Eighteen-volt batteries are commonly used in such professional power tools as drills, which require more electrical energy than power tools designed for the DIY enthusiast. However, an 18-volt battery is not a single battery cell, it's made from multiple battery cells that are wired in series, a method that combines the voltage from each cell. Batteries used in power tools and many other devices are rechargeable. A typical 18-volt battery is made from 15 1.2 volt nickel cadmium (NiCAD) or nickel metal hydride (NiMH) cells. Battery cells don't go dead at the same time so although you are having a problem with your battery retaining its charge, it may only be a few battery cells causing the problem.
Read the label on the 18-volt battery pack to determine the type of battery cells the pack contains. If it says NiCad or NiMH, continue to follow the steps to rebuild your battery. If the label says lithium ion (Li-on), do not proceed. Rebuilding lithium ion batteries needs specialist knowledge as the battery packs contain power surge breakers. An 18-volt battery does not contain lithium polymer (LiPo) cells as each cells produces 3.7 volts and is not a multiple of 18 volts.

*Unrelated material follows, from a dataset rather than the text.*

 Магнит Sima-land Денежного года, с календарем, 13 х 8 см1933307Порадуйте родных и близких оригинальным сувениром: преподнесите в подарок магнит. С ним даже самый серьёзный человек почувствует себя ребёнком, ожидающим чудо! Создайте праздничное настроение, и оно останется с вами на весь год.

Put your 18-volt battery on charge until the charger indicates the battery is full before attempting to rebuild it. Don't use your fully charged battery. Instead, leave it overnight. This ensures that any bad battery cells lose their charge. Good cells retain their charge.

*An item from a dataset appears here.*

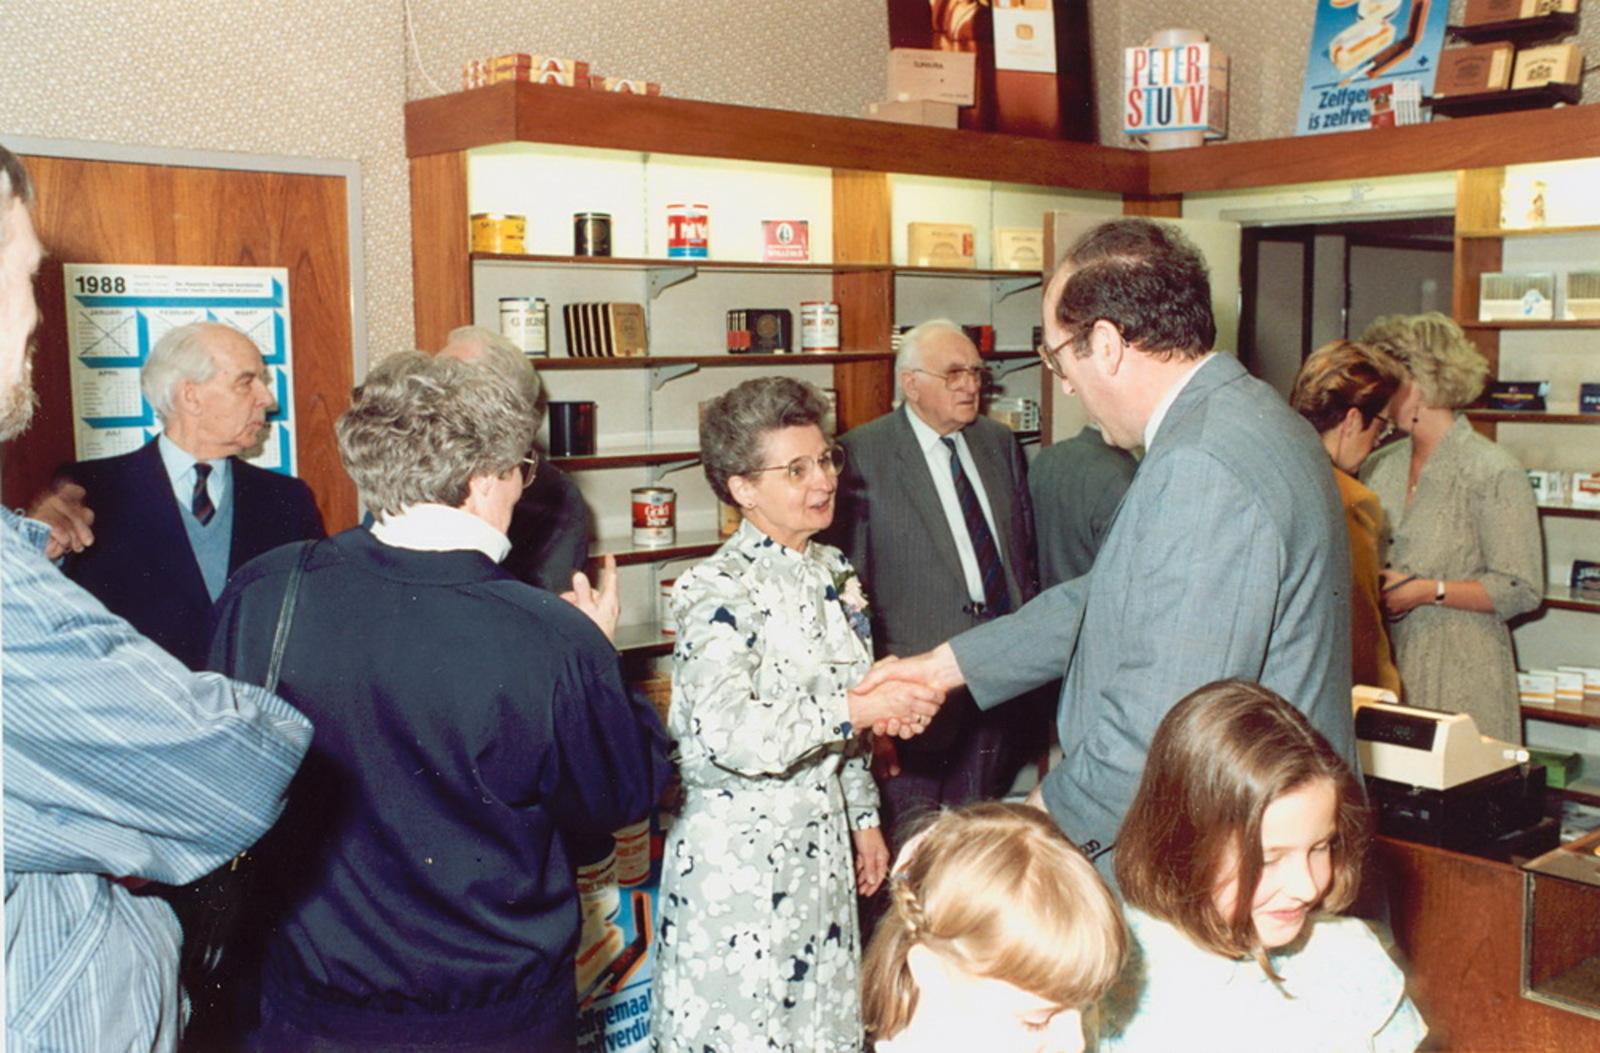 Marktlaan O 0022 1988 Sigarenboer Kraak 50jr Jub en Sluiting 24

Remove the cover from your 18-volt battery. Some battery packs have small Phillips-head screws, others have clips. Use a suitably sized Phillips-head screwdriver if it has screws or a small flat-head screwdriver if the cover clips in place. Insert your flat-head screwdriver under the side of a clip and twist it to release the clip. Once the cover is removed you will see 15 battery cells.
Remove the 15 battery cells from your 18-volt battery. Most cells can be pried out using a flat-head screwdriver. If they are soldered into place you will need to heat a soldering iron then touch each battery cell terminal. Let the solder melt then quickly pries the cell out before the solder solidifies. Repeat this for all the 15 cells.
Label each battery cell numerically and write a list of corresponding numbers. Your 18-volt battery has 15 cells so number the batteries one to 15 and write one to 15 on the sheet of paper.
Use a voltmeter to test the output voltage from each battery cell. Set the voltmeter to read volts in the range of 0.5 to 1.5 volts. Touch the clip attached to the end of the red wire from the voltmeter to the positive terminal of battery No. 1 and the clip attached to the black wire from the voltmeter to the negative terminal of battery No. 1. Take the voltmeter reading and write it down next to the place you wrote "No. 1."
Repeat the process for the remaining 14 battery cells. Write the readings from each battery next to the corresponding number on your sheet of paper.
Separate the batteries into two places. Batteries that have a reading of 1 to 1.2 volts are good batteries and need to be kept. Batteries that have a reading of less than 1 volt are losing their charge and should be replaced, even if the reading is as high as 0.9. Dispose of the bad batteries.
Work out how many new battery cells you need to buy. You'll need 15 cells so if you disposed of five you need to buy five new ones. NiCad and NiMH cells are widely available from electrical outlets. Get the same type as the rest of your good battery cells. Never mix Nicad cells with NiMH cells.
Replace the 15 cells in the battery pack. Put the positive and negative terminals the correct way around. The cell compartments are labeled "+" and "-." Either push them in place or use your soldering iron to melt the solder on each terminal. You may need to add extra solder to get a secure fit. Only touch the terminal using your soldering iron for a couple of seconds. You don't want to damage the cells or melt the plastic battery pack.
Replace the battery pack cover using a screwdriver or press the clip in place. Put your rebuilt battery pack on charge for a few hours to ensure that all the cells have the same charge. Your 18-volt battery is ready to power your device.